Georgetown, GY – Guyana currently has the second highest suicide death rate in the world. This is in sharp contrast to other Caribbean countries which enjoy relatively low suicide rates, including Haiti, the poorest country in the western hemisphere.
Suicide affects people of all races and ethnicity, however, it is more rampant in communities with a large Indian population. People of Indian origin accounts for around 40% of Guyana’s population but for the vast majority of suicides. In fact, the Black Bush Polder area is known as the “suicide belt,” where most suicide deaths in Guyana occur.
Several factors associated with suicide rates in Guyana are outlined in the Ministry of Health’s 2015 National Suicide Prevention Plan including poverty, stigma about mental illness, access to lethal chemicals, alcohol abuse, interpersonal violence, family dysfunction, and insufficient mental health resources. The economic circumstances of life such as the shortage of good paying jobs, low career mobility, high levels of crime, and hopelessness also contribute to sense failure and suicide.

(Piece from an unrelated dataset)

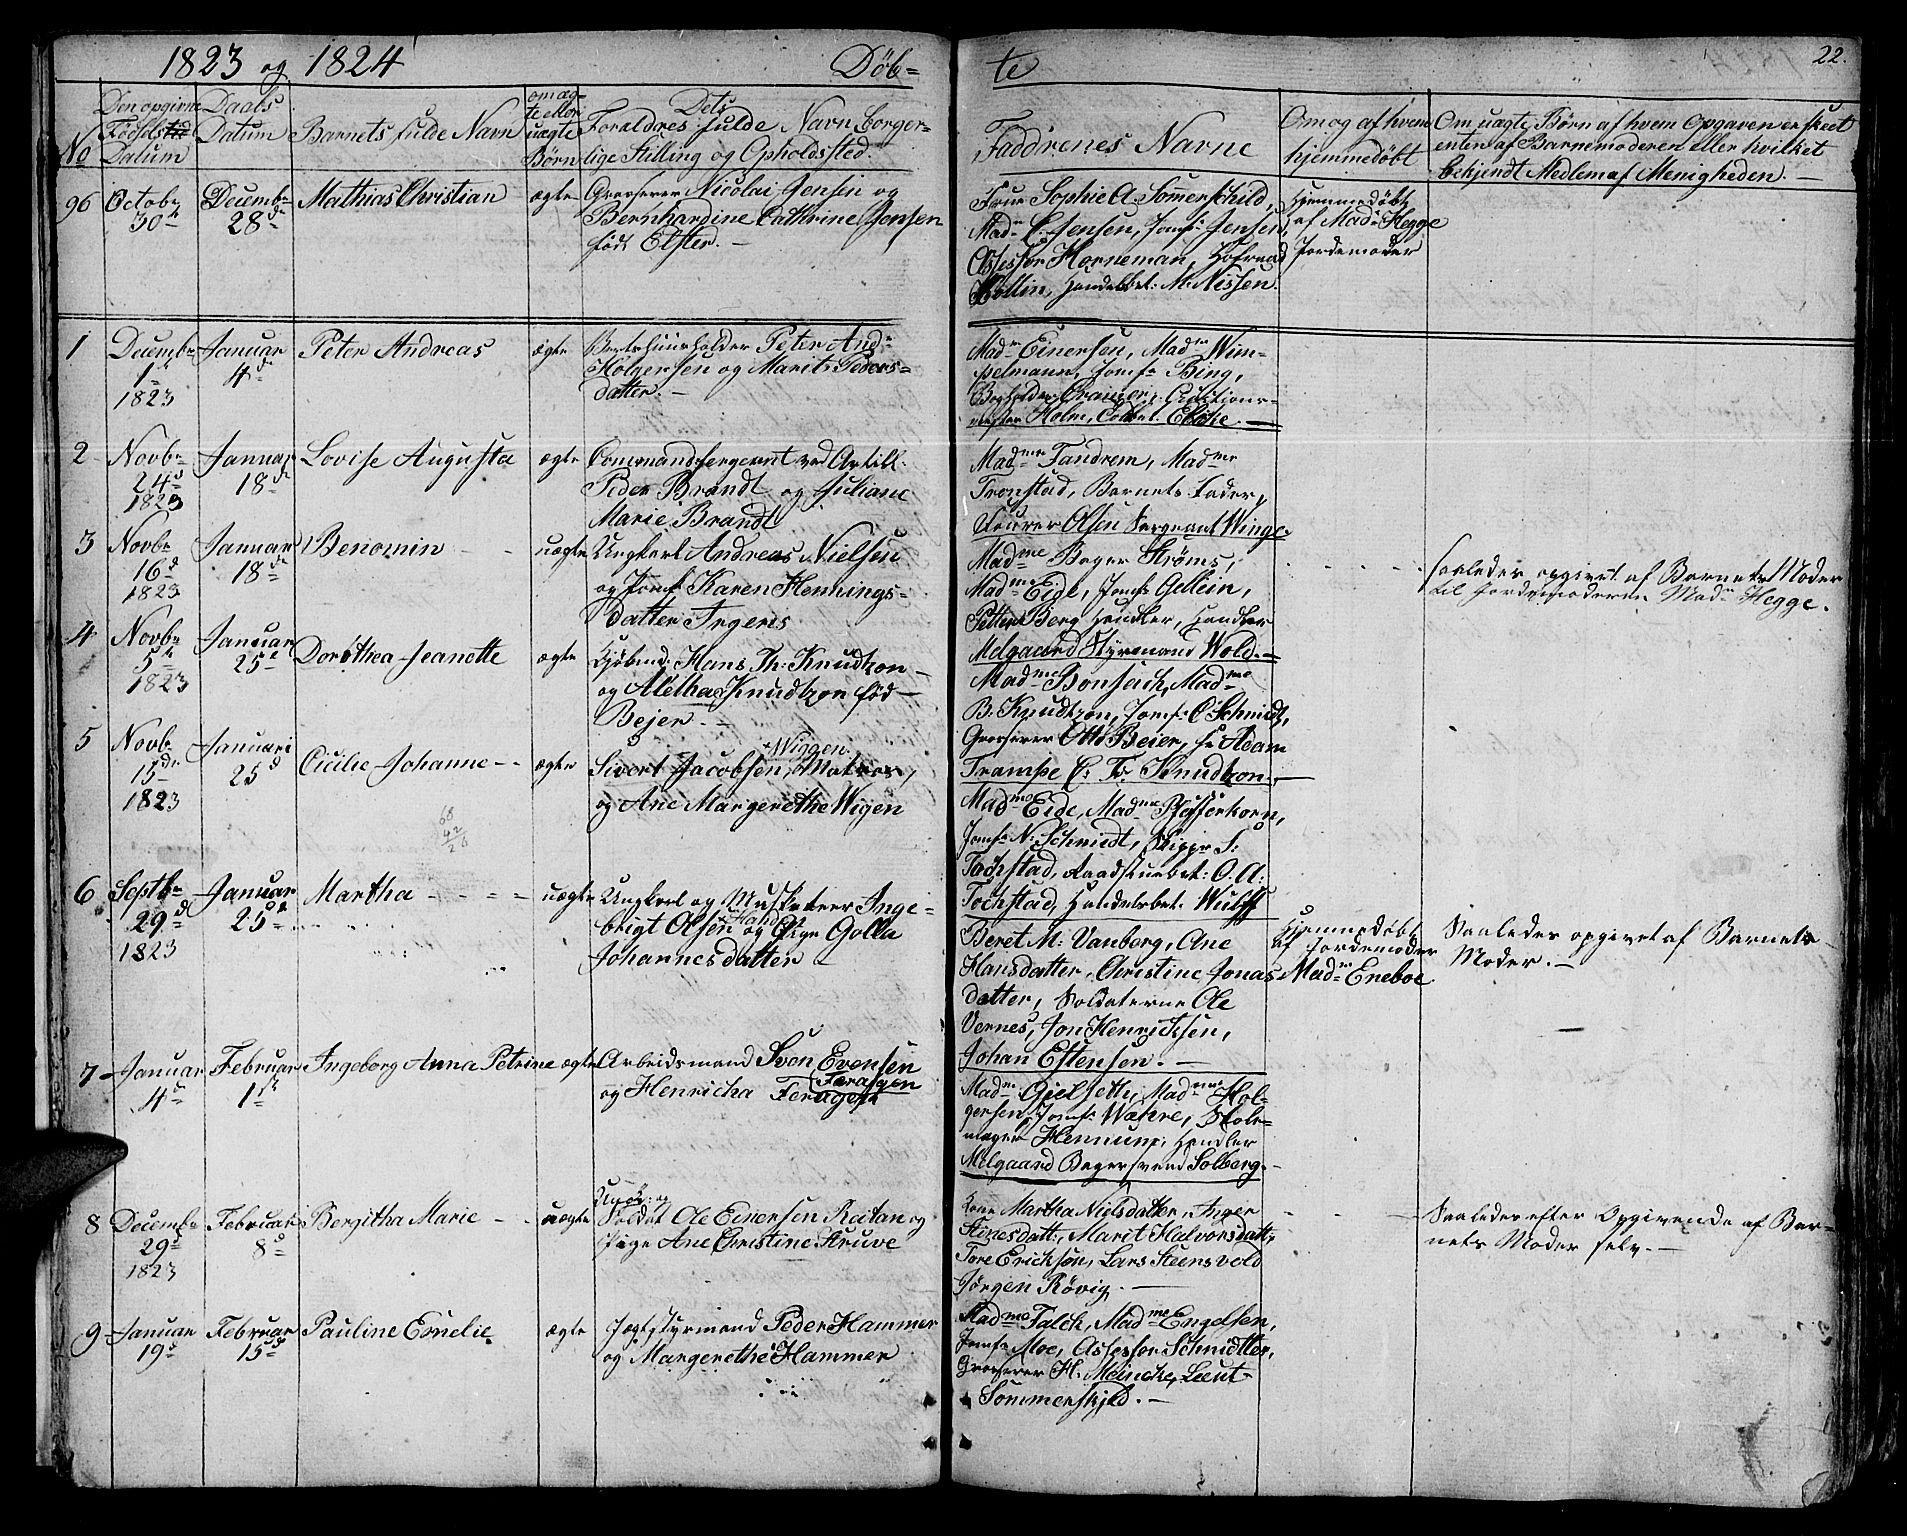 SAT, Ministerialprotokoller, klokkerbøker og fødselsregistre - Sør-Trøndelag, 602/L0108: Ministerialbok nr. 602A06, 1821-1839, s. 22

Unfortunately, these drivers are likely to worsen as the impact of closing multiple estates is compounded by the current economic slowdown forcing many people into poverty and hopelessness. On a recent trip to Unity Village, an estate worker who lost his job from the closure of one of the sugar estates broke down in tears lamenting,
As a husband and man of the family, my job is to bring home money to my family. My wife takes care of the home and kids, making sure they have what they need. Now I am out of work and can’t find work in other industries. I have failed as a husband and a father, and I feel worthless.
The sense of failure and hopelessness are aggravated by a high level of disconnectedness from friends, families, social groups, community, and society and a whole. This is particularly the case in rural communities among people who are unemployed or in subsistence work.
In 2011, The United States Centers for Disease Control and Prevention (CDC) published a strategic plan for the prevention of suicidal behavior in the United States, which focused heavily on the importance of “connectedness,” defined as the degree to which a person or group is socially close, interrelated, or shares resources with other persons. A vast body of research shows that increasing community “connectedness” is a promising mechanism for suicide prevention, and schools, community centers, and especially churches and religious organizations can play a crucial role in promoting “connectedness.”
While the government, with the help of the World Health Organization (WHO), has responded to the suicide epidemic with various initiatives, it is crucial for non-governmental agencies and religious organizations take a more active role and expand their efforts in addressing this crisis. With advances in technology, that make human contact as easy as a click of a button, social institutions and faith-based organizations should take the lead in reaching out to people who might be at risk of suicidal ideations.
A good starting point for non-governmental organizations is to help people develop the skills and confidence to speak openly about suicide by removing barriers such as shame and blame and encourage help-seeking. Spotting early signs and providing after-care support services to remaining families, follow-up services, and peer-to-peer support are necessary services to help society combat and ultimately end this epidemic.
* Dr. John Shivdat is the Board Chairman of the Guyana Budget & Policy Institute.